MATERIAL PROVIDED:
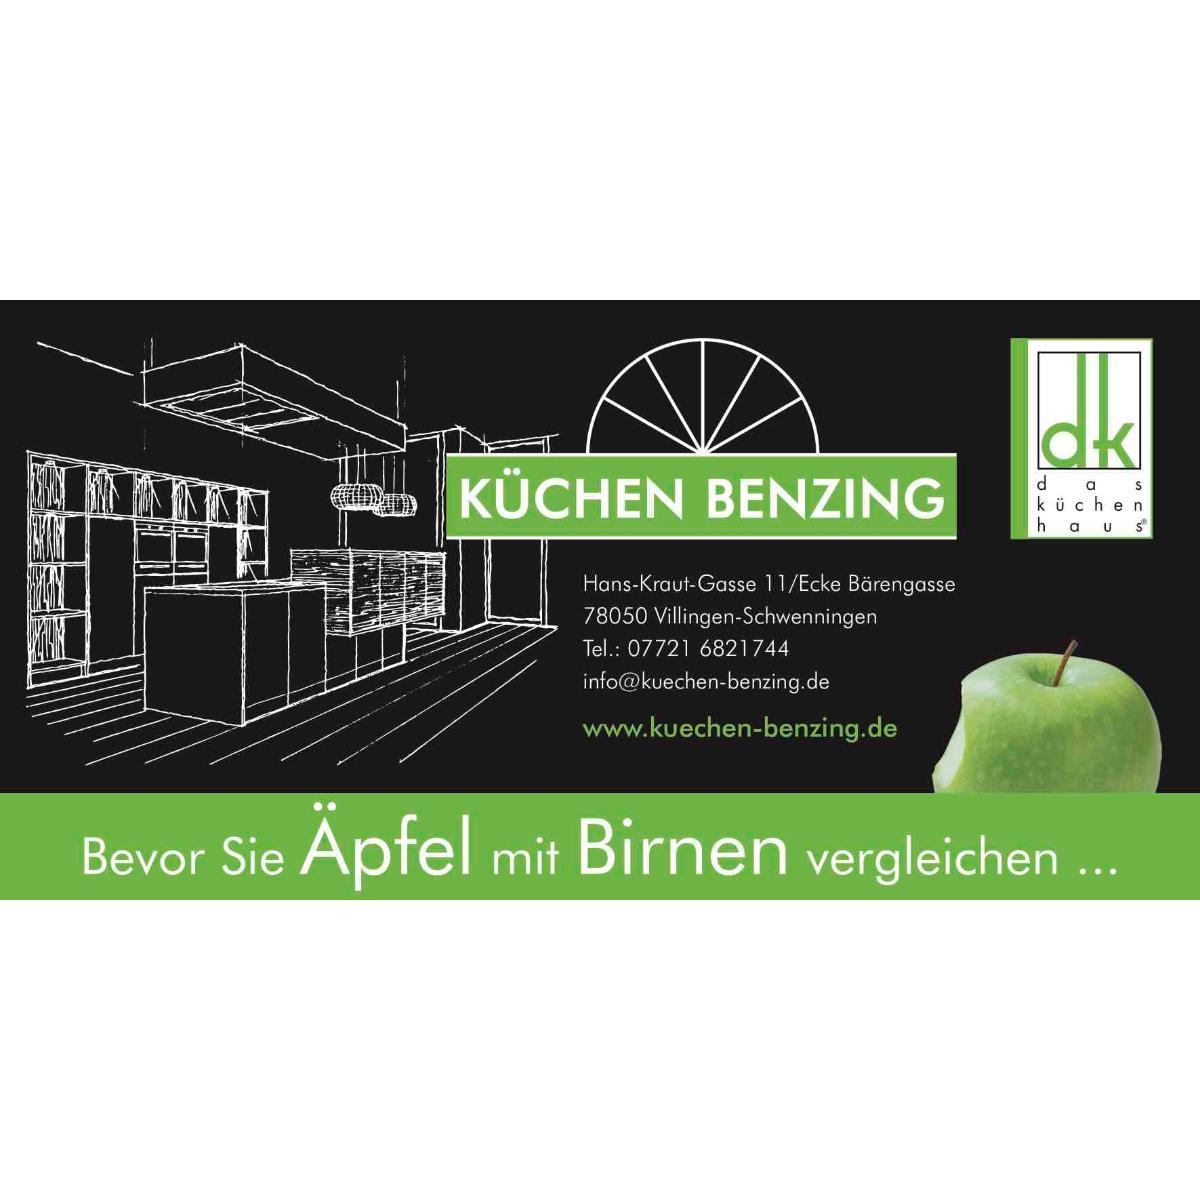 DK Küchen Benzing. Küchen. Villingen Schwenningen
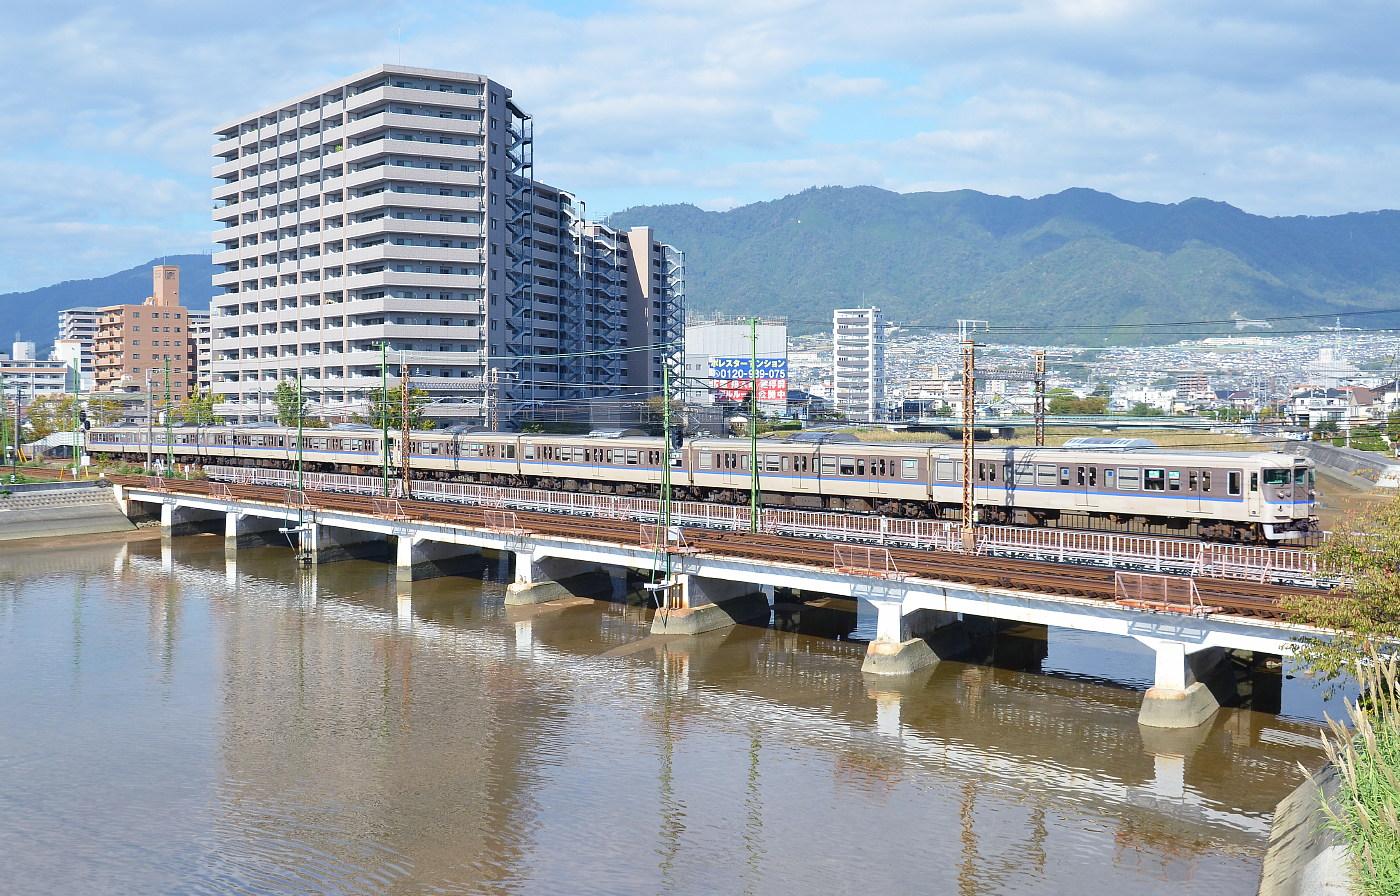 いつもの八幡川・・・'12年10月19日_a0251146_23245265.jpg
...
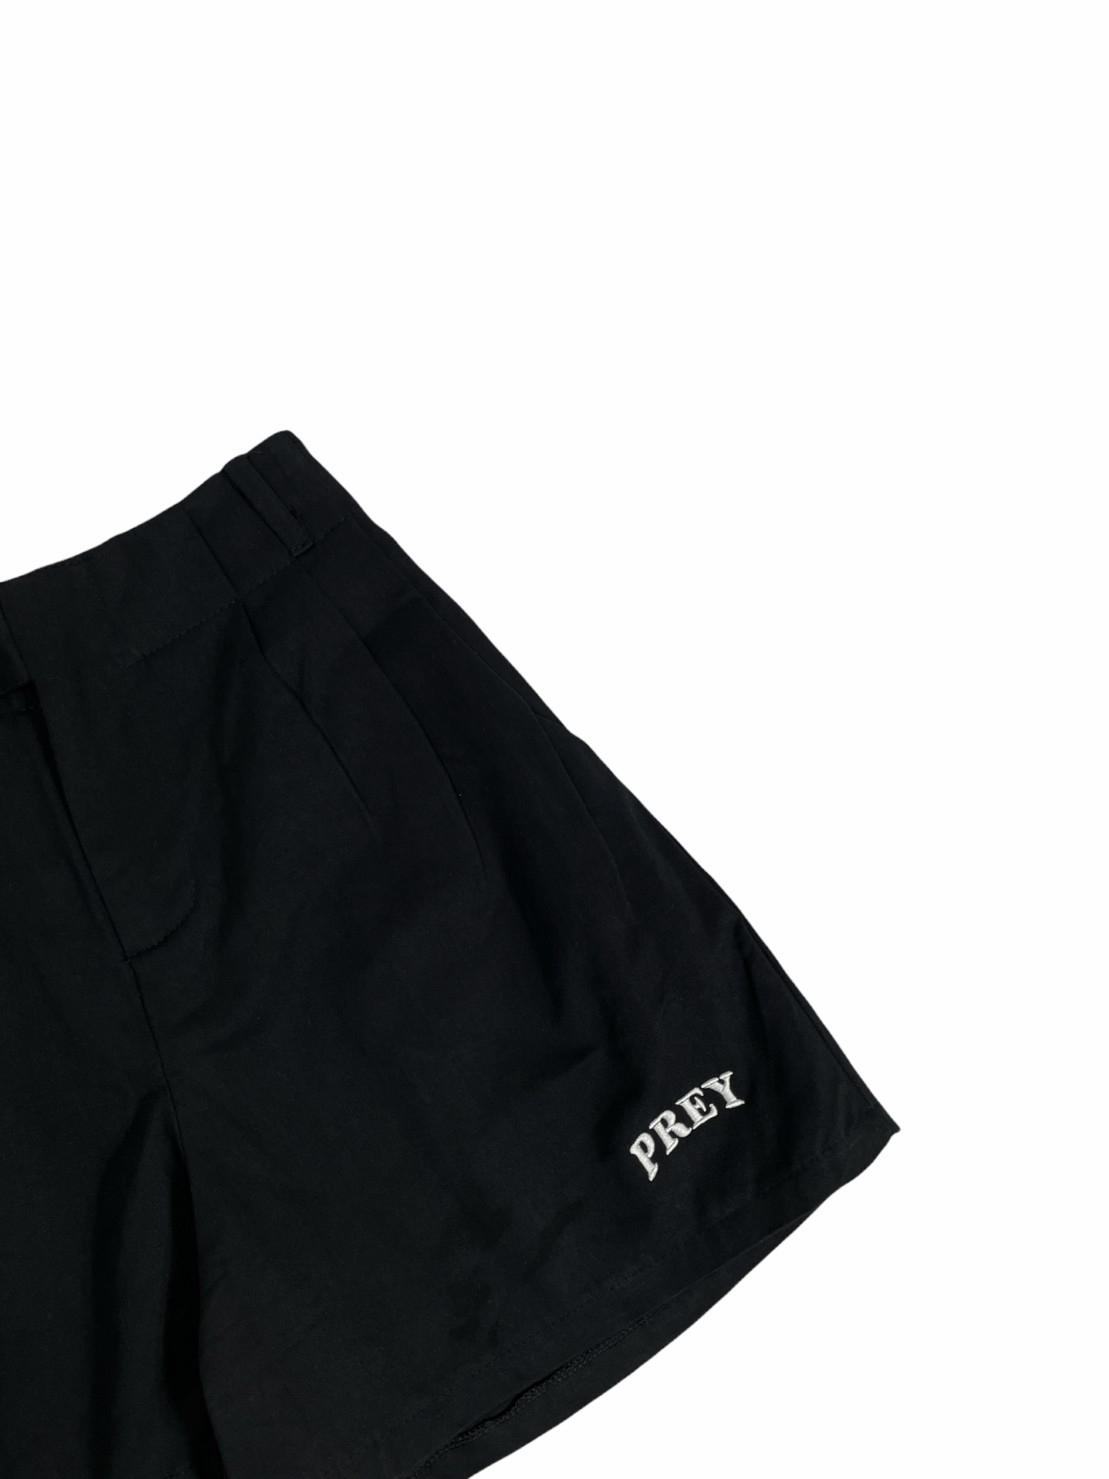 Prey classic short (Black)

PROBLEM DESCRIPTION: In the entries above, every line from the line with "DK Küchen Benzing." to the line with "いつもの八幡川・・・'12年" is to be printed exactly, with both ends included and pictures excluded.

RESULT:
 DK Küchen Benzing. Küchen. Villingen Schwenningen
 いつもの八幡川・・・'12年10月19日_a0251146_23245265.jpg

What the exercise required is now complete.